What Is Joga Bonito In German?

After the World Cup there was a general stirring among fans globally and some sheepish looks. We’d all been waiting for the festival of football to delight and entrance. Instead it was flat and forgettable. Aside from the lunacy of Diego Maradona reaching global audiences once again, easily the best thing about South Africa 2010 was the German side. They were outstanding. The destructions of Australia, England and Argentina were all major tournament highlights. The lightening quick counter-attacks of Ozil et al must still leave Barry with nightmares. And the best (or worst depending on your stand-point) is that the 2010 side was just the appetiser. The Germans might just be the ones to give Brazil a lesson in Joga Bonito on their own soil in 2014.

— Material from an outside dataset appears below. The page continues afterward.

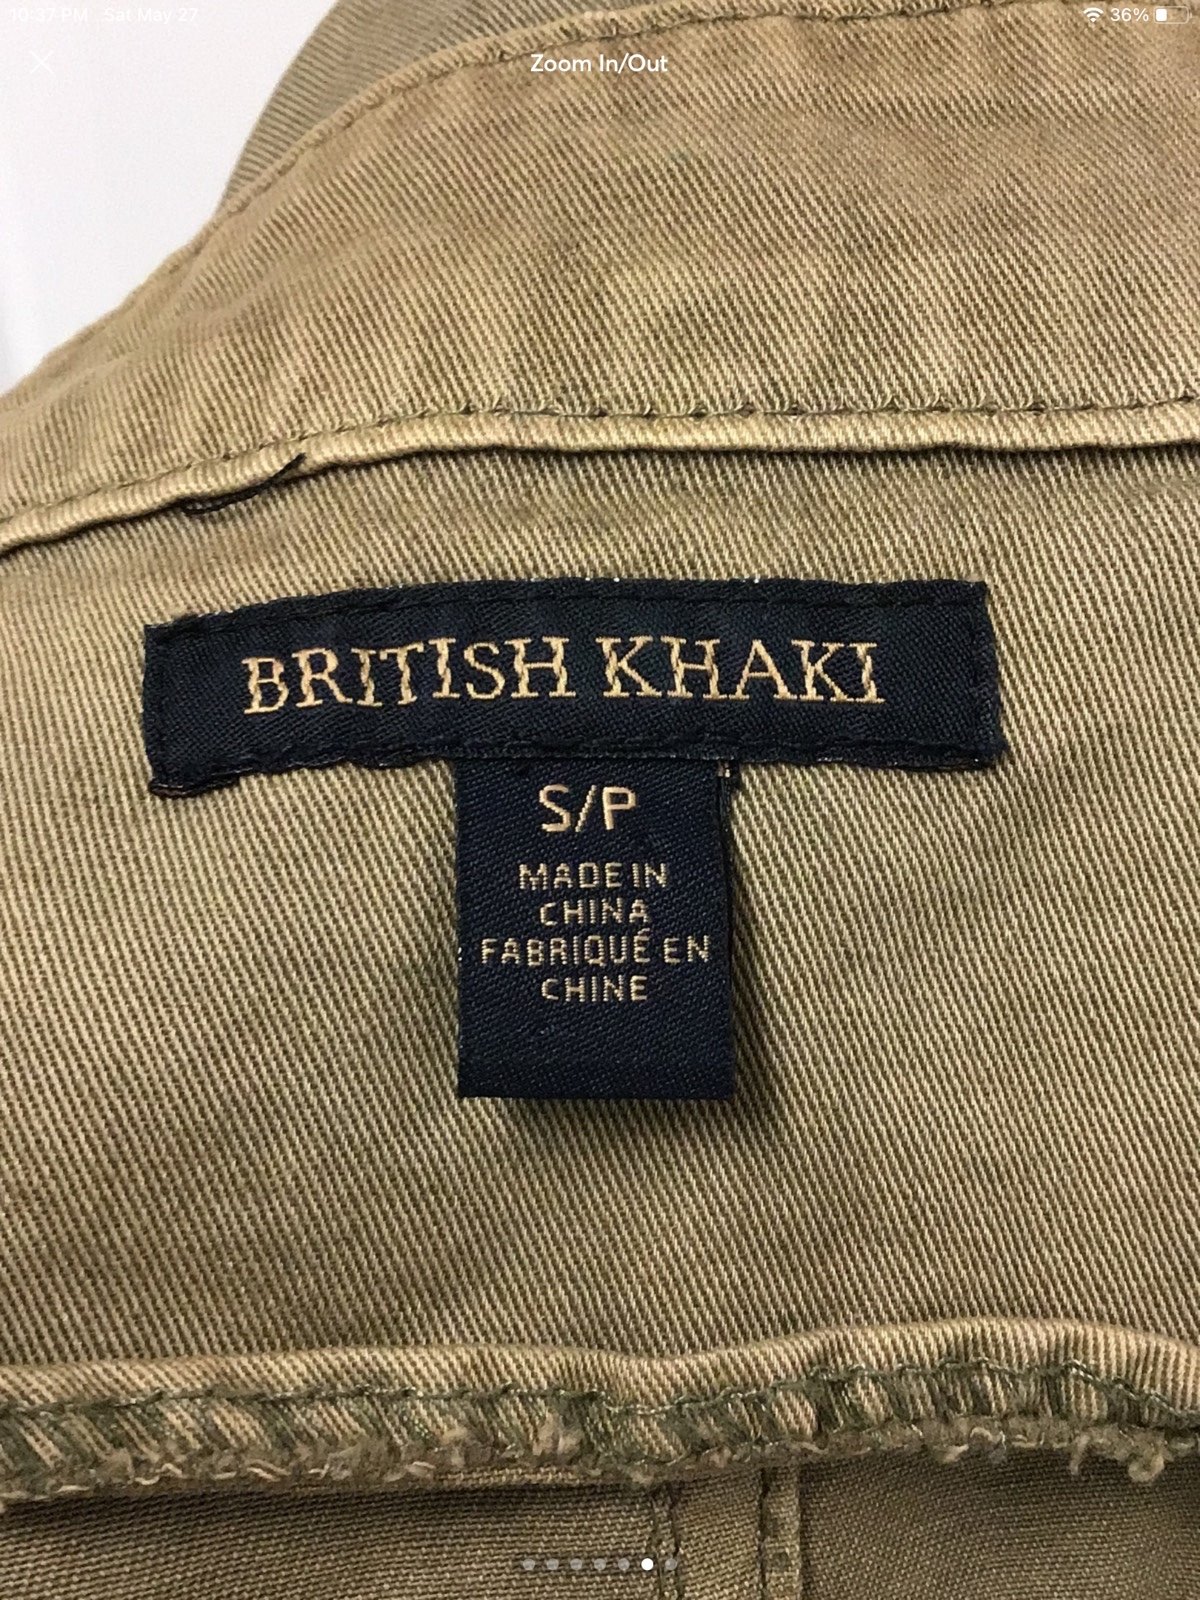 where to buy  British Khaki Vintage Women’s Utility Jacket, Khaki, size S lzOzEOzU9 Fashion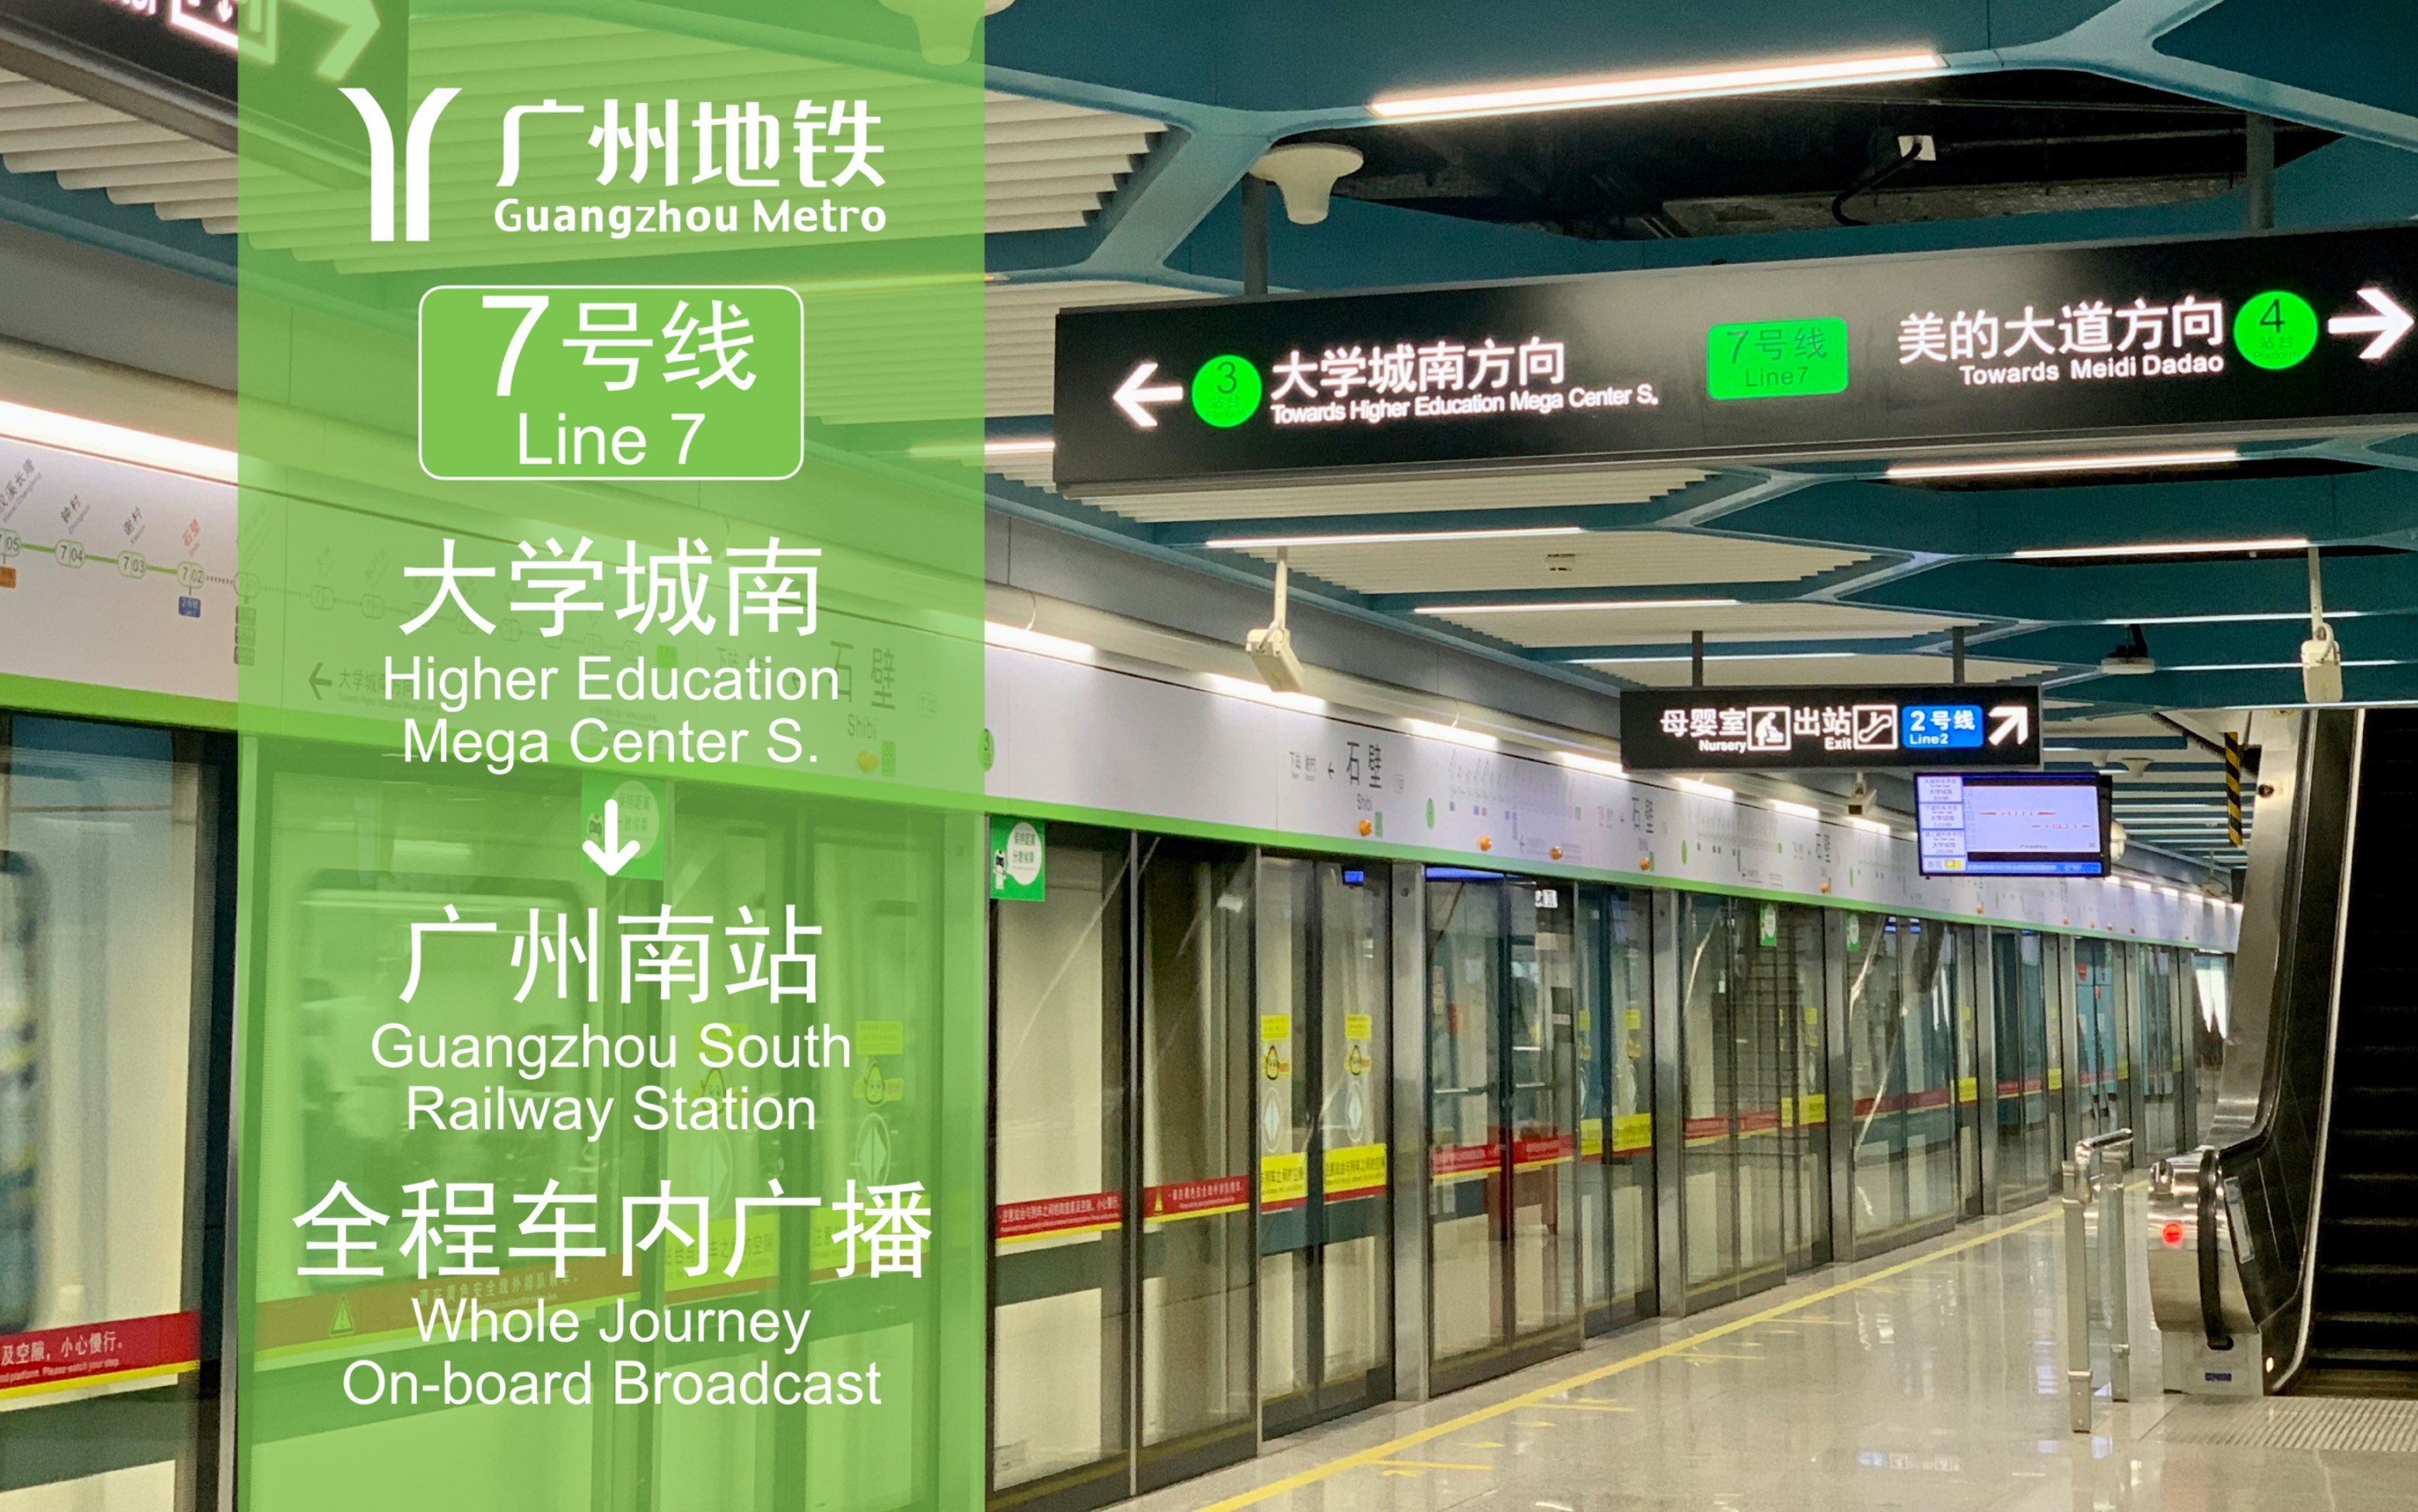 即将绝版广州地铁7号线大学城南广州南站全程车内广播

Three reasons suggest that the Germans might triumph in Brazil. Firstly, the side in South Africa was already packed with young players who will only just be entering their peak in 2014. Ozil, Muller, Khedira and Boateng were all first choice and will be around the 26 year old mark in Brazil. Muller and Ozil were two of the breakthrough players of the tournament and three of the four moved to bigger clubs after the tournament. Muller was already at double-winners and European finalists Bayern.

Secondly, some older squad members will still make it to Brazil and, although for those who won’t the replacements already exist. Klose won’t be spear-heading the attack in four years time but Mario Gomez has rediscovered his Stuttgart form and looks very able to take on the role. Only 25 this season he will most likely be the forward pivot of the German side in 2014. Mertesacker and Schweinsteiger both shone in South Africa and will be only just turning 30. Having two stand out goalkeepers is already more than most countries can dream of and the Germans already have Neuer and Adler. Only Spain will have selection problems as they struggle to narrow it down to three out of Casillas, Valdes, Reina and De Gea.

Finally, there is Mario Gotze. A child even in the incredibly young German squad, aged 18 Gotze has been the revelation of the season at Dortmund. Honigstein remarked that he was the only player ever to be substituted for being too good. Although the hype might be too much given that Gotze has only made 12 league starts in his entire career, it’s hard not to be excited about such a talent. Very excited.

The last German side was quick, technically gifted and enjoyable to watch. With four years to mature, the side that kicks off in Brazil should surpass even that. Of course four years is a long way off and Lowe might be sacked or find employment elsewhere. Key players could get injured just before the tournament. But then Ballack was sidelined just before South Africa and nobody gave the Germans a real shout before the start. As a nation the Germans have a knack for tournament football matched only by the Brazilians and possibly the Italians. It is never smart to write them off and in several years they might be the very best Europe can offer against the South Americans.